29      The basic amounts, including the amount of at least EUR 20 million for infringements classified as ‘very serious’, are applied even if the undertakings concerned are SMEs. The consequence of that ‘flat‑rate’ approach in this case is that the fine imposed on the applicant is significantly higher, in relation to total turnover, than those imposed in other comparable cases with regard to the gravity of the infringement. In support of that argument, the applicant refers to a number of decisions, in which the Commission imposed relatively lower fines (Commission Decision 98/273/EC of 28 January 1998 relating to a proceeding under Article 85 of the EC Treaty (Case IV/35.733 – VW) (OJ 1998 L 124, p. 60, hereinafter ‘the Volkswagen decision’); Commission Decision 1999/210/EC of 14 October 1998 relating to a proceeding pursuant to Article 85 of the EC Treaty (Case IV/F-3/33.708 – British Sugar plc, Case IV/F-3/33.709 – Tate & Lyle plc, Case IV/F-3/33.710 – Napier Brown & Company Ltd, Case IV/F-3/33.711 – James Budgett Sugars Ltd) (OJ 1999 L 76, p. 1, hereinafter ‘the British Sugar decision’)); Commission Decision 1999/60/EC of 21 October 1998 relating to a proceeding under Article 85 of the EC Treaty (IV/35.691/E-4 – Pre-insulated Pipe Cartel) (OJ 1999 L 24, p. 1, hereinafter ‘the Pre‑insulated pipe decision’)). Thus, the fine imposed on the applicant is up to 280 times higher, in relation to its turnover, than that imposed in the British Sugar decision. In other words, the Guidelines are illegal in that they lead, in comparable cases in terms of gravity, to disproportionate fines in relation to turnovers.

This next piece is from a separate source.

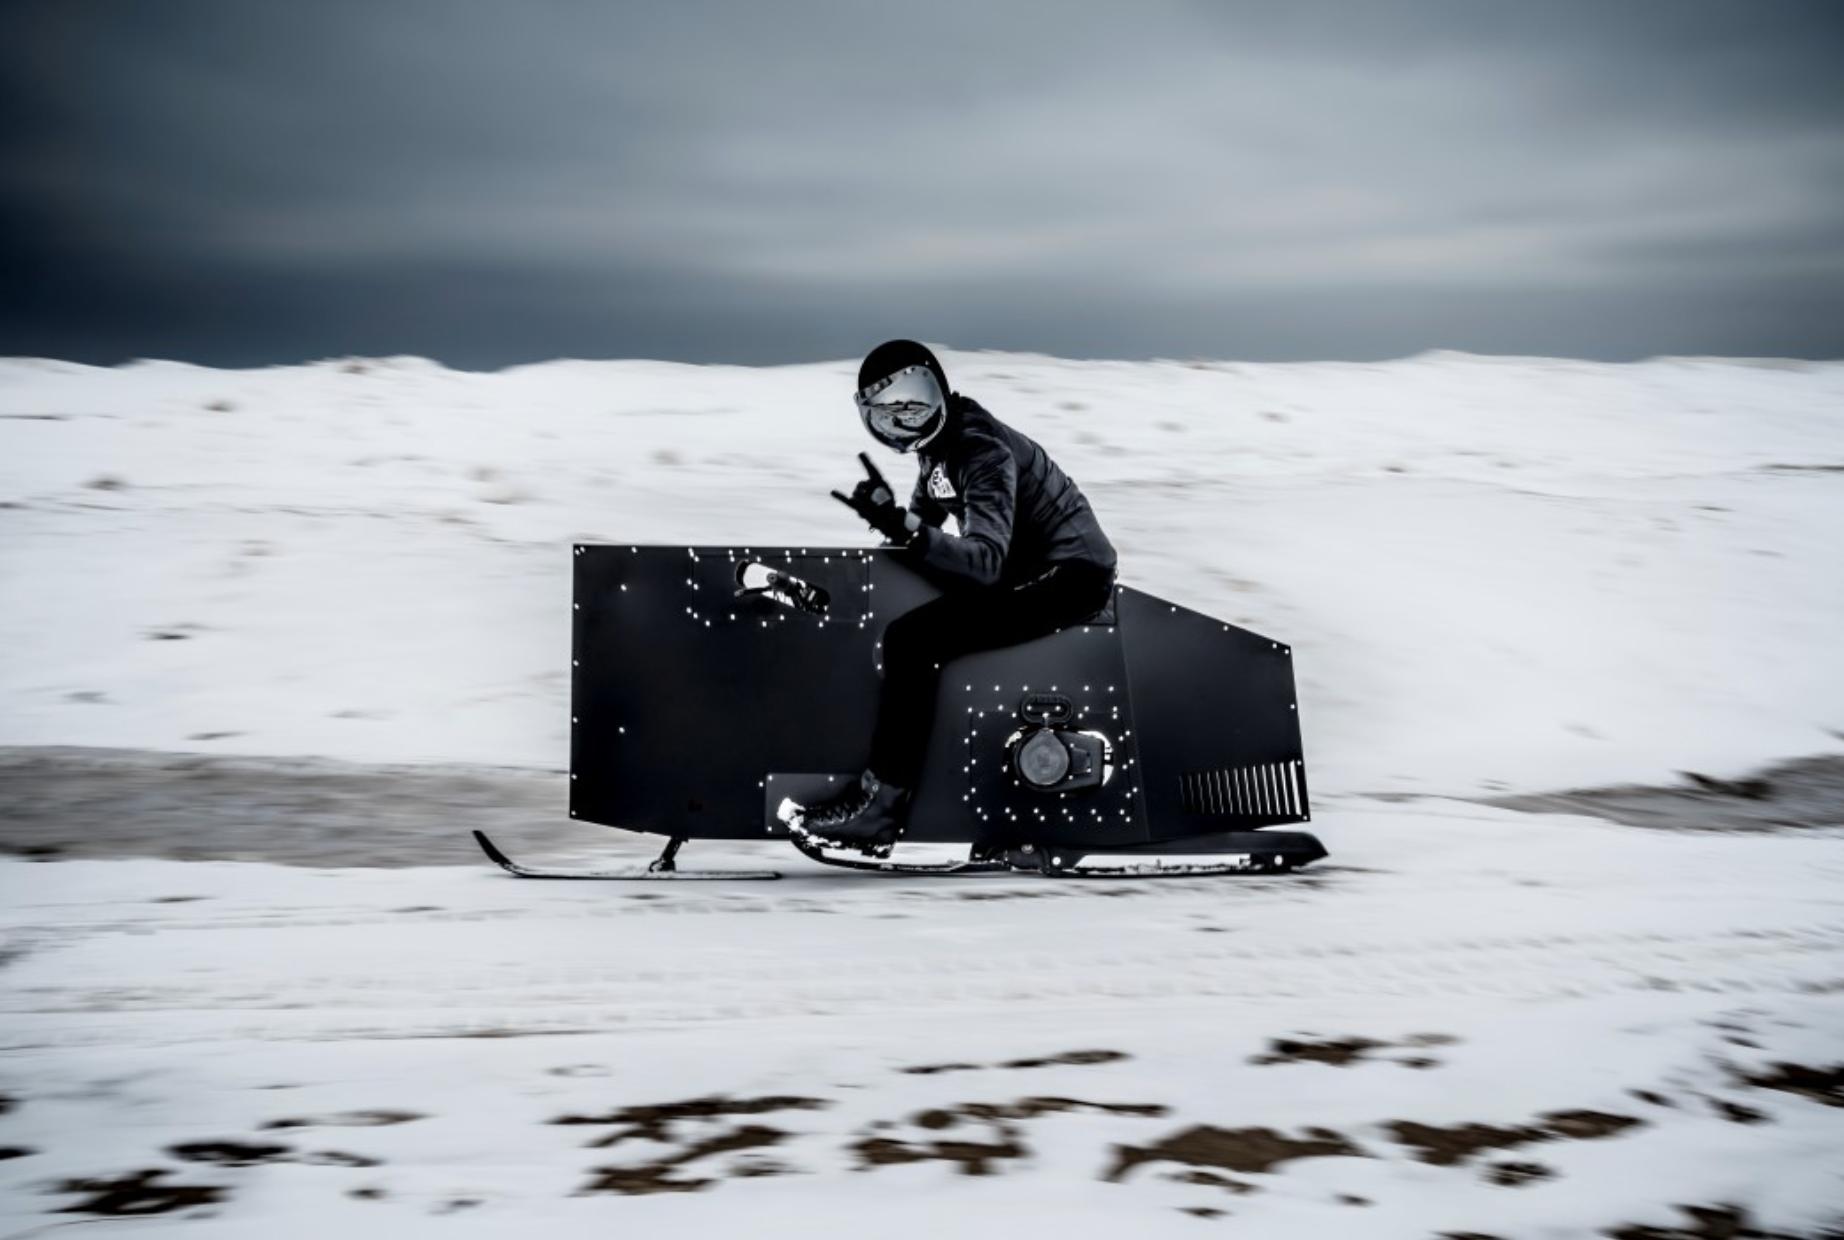 J.RUITER工作室打造未来雪地摩托车,《星球大战》在它面前也不过如此

30      In response to the Commission’s argument that it took account of the applicant’s size by setting the starting point at EUR 3 million (see paragraph 13 above) and not EUR 20 million, the applicant claims that the ‘flat‑rate’ approach nevertheless has an impact on the fines imposed and leads to disproportionate fines.

31      Third, the applicant asserts that the increase of the basic amount by reference to the duration of the infringement, provided for in the Guidelines, is also illegal. Certain infringements, in particular agreements on quotas, extend by their nature over several years. That long duration is penalised when the infringement is classified as very serious. By providing for increases for infringements by reference to their duration, the Guidelines thus have the effect of imposing a double penalty on the undertaking concerned.

32      First, the Commission expresses doubts as to the admissibility of the objection of illegality on the ground that the Guidelines do not constitute the legal basis of the contested decision. Although it used the method set out in the Guidelines to calculate the fines in this case, the fact remains that Article 15(2) of Regulation No 17 is the sole legal basis of the decision. Thus, even if the Guidelines were to be declared illegal, that would not render the contested decision illegal.

33      Regarding the substance, the Commission states that it is clear from the judgments of the Court of First Instance of 20 March 2002 concerning the pre‑insulated pipe cartel that the Guidelines do not infringe Article 15(2) of Regulation No 17 (Case T‑9/99 HFB and Others v Commission [2002] ECR II‑1487; Case T‑15/99 Brugg Rohrsysteme v Commission [2002] ECR II‑1613; Case T‑16/99 Lögstör Rör v Commission [2002] ECR II‑1633; Case T‑17/99 KE KELIT v Commission [2002] ECR II‑1647; Case T‑21/99 Dansk Rørindustri v Commission [2002] ECR II‑1681; Case T‑28/99 Sigma Tecnologie v Commission [2002] ECR II‑1845; Case T‑31/99 ABB Asea Brown Boveri v Commission [2002] ECR II‑1881, and, in particular, LR AF 1998 v Commission, cited in paragraph 27 above, paragraphs 223 to 232 and 278 to 291). Consequently, that objection of illegality should be rejected as unfounded.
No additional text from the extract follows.